Although substances had been prescribed by physicians and health care practitioner for thousands of years, the pharmacology involved in discovering formulas, which offered beneficial results was largely based on trial and error. Medicines often originated from fungi, herbs, and various other common plants known at the time. However, until the middle of the 19th century, there was little to no scientific knowledge and understanding to why certain substances produced desired results. The thought of using man-made compounds to treat medical conditions was also practically non-existent. Let's examine a history of pharmaceutical drug discovery.
First Synthetic Compounds
In 1832, chloral hydrate was the first synthetic compound created by German chemist Justus von Liebig. However, the substance was not used medically as a sedative-hypnotic until 1869. The compound is still used by health care providers in some countries today. The first pharmaceutical manufacturers evolved from synthetic dye and textile industries, which served as a viable source of chemicals created by distilling coal tar. The analgesics acetanilide and phenacetin were discovered during the latter 1860s and were both created using the byproducts of coal tar.
Despite the fact chemists were learning more about synthetic compounds, the value of plants or plant extracts in pharmaceutical production was never underestimated. Before the end of the 19th century, researchers gained more knowledge of how to isolate organic molecules in order to create medicine.
Willow bark was used by physicians in many ancient civilizations to treat fever and pain. However, German chemist Johann Andreas Buchner was the first to isolate the compound salicin in 1828, which is responsible for the bark's analgesic and antipyretic properties. Italian chemist Raffaele Piria took the research further and created salicyclic acid, which evolved into aspirin in the early 1900s. During these early years of pharmacology, chemists created codeine and morphine from the opium poppy. Quinine was isolated from the cinchona plant for the treatment of malaria. The leaves from the foxglove plant contained compounds, which led to the development of the cardiac medication digoxin.
After learning that various microorganisms led to infectious diseases, chemists and physicians began developing natural and synthetic compounds to combat the microbes. During the first half of the 20th century, biochemistry, microbiology and synthetic organic chemistry made great strides, which led to the introduction of antibiotics. In the 1930s and the 1940s, Alexander Fleming developed penicillin, Benjamin Duggar invented tetracycline and Salman Waksman introduced streptomycin. Although vancomycin was developed during the 1950s, the medication now proves useful in the treatment of MRSA infections.

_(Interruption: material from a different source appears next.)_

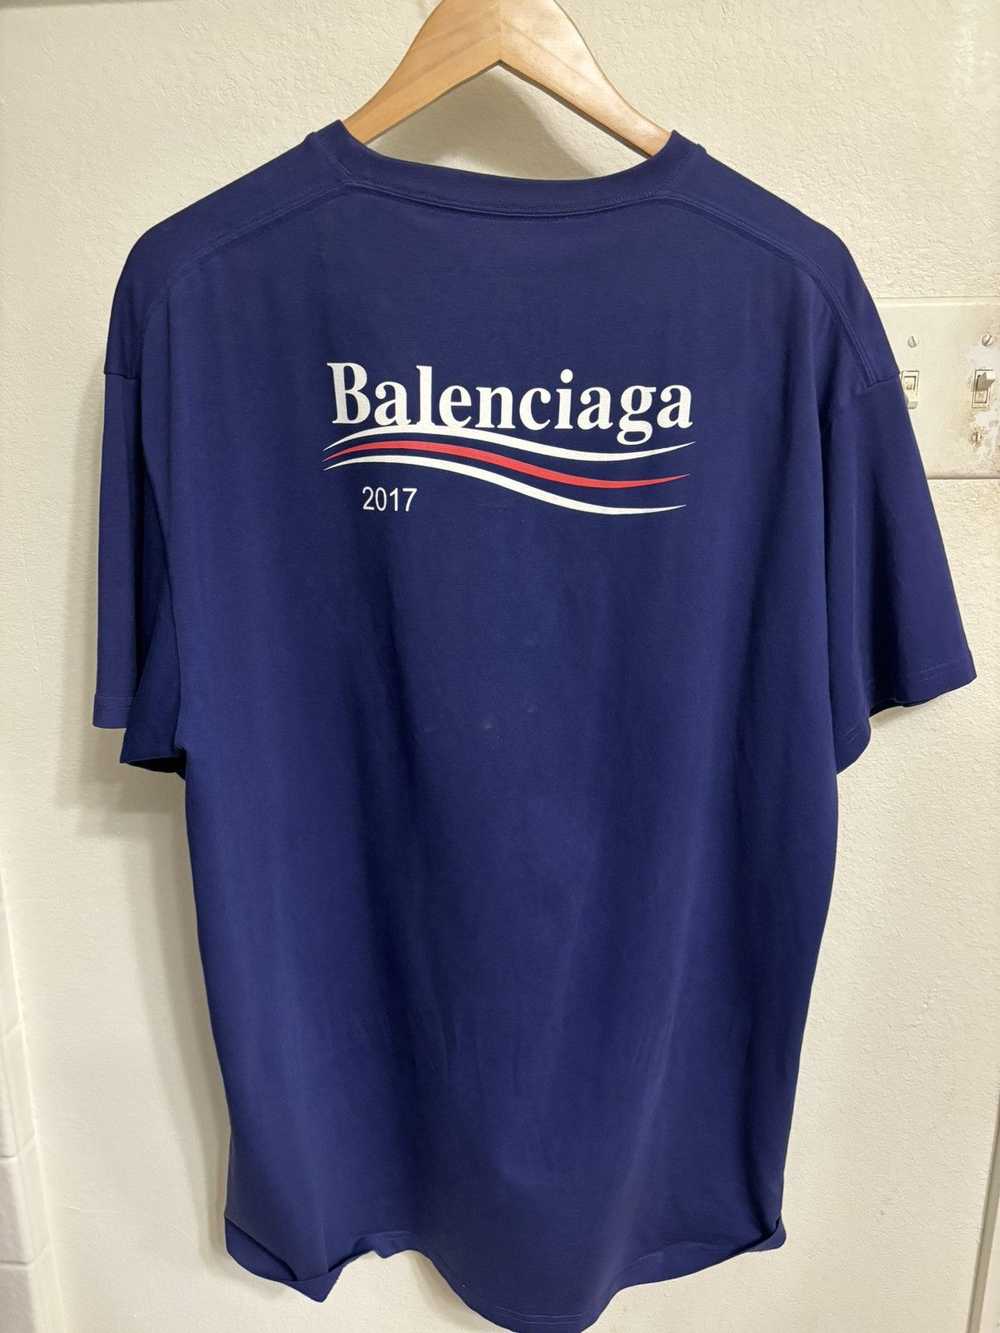 Balenciaga Balenciaga T-shirt 2017 - image 2

Some of the first cases of inoculation against smallpox was known to have taken place around they year 1670. However, Edward Jenner is typically acknowledged for performing the extensive research and development needed to make the formula available to other physicians and patients on a large scale.
In the mid 1930s, polio outbreaks rose to epidemic levels in many world cities. Researchers sought to learn more about the disease and the virus behind the infection. However, it was not until the late 1940s that researchers uncovered three strains of the virus. Attempts at creating vaccines failed until the formula created in 1952 by Jonas Salk and his team from the University of Pittsburgh became available to the public in 1955.
During WWII, physicians discovered mustard gas seriously reduced white blood cells. The side effect led researchers to investigate the effects mustard gas agents might have on malignant cells. Yale pharmacologists Alfred Gilman and Louis Goodman studied the effects of nitrogen mustard injected into mice having lymphomas. The duo achieved amazing results. However, ongoing treatment was required. By learning more about the alkylating molecules in nitrogen mustard, and their effects on DNA, RNA and proteins, cisplatins and tetrazines came into being.
George Hitchings and Gertrude Elion laid the foundation for oncological medicine beginning in the 1940s through their research of DNA-originating anti-metabolites. Their findings led to the revealing of modified purines possessing anticancer properties. In 1971, researchers extracted the compound taxol from the conifer tree known as Taxus brevifolia. Two decades later, the compound proved crucial in the development of another anticancer formula.
The 1953 discovery of DNA structure led to a better understanding of viruses. By the 1970s, researchers developed recombinant DNA technology and began cloning molecules. Advancements in molecular biology and virology provided insight in the late 1980s and early 1990s in the research of HIV. The knowledge of how viruses attack the body, grow and replicate led to the development of peptide analogs, non-nucleosides and nucleosides designed to target HIV. Although the discovery of drug-resistant viral strains made treatment more challenging, researchers soon realized combinations of medications were the answer. Bioinformatics, combination chemistry and molecular modeling were among the strategies used to create updated generation medications.
Now in the 21st century, more pharmaceutical advances are made possible thanks to a number of advanced disciplines. Along with cellular biology, chemical biology and microbiology state-of-the art research includes enzyme-based molecular synthesis, recombinant biomolecules and stem cell research.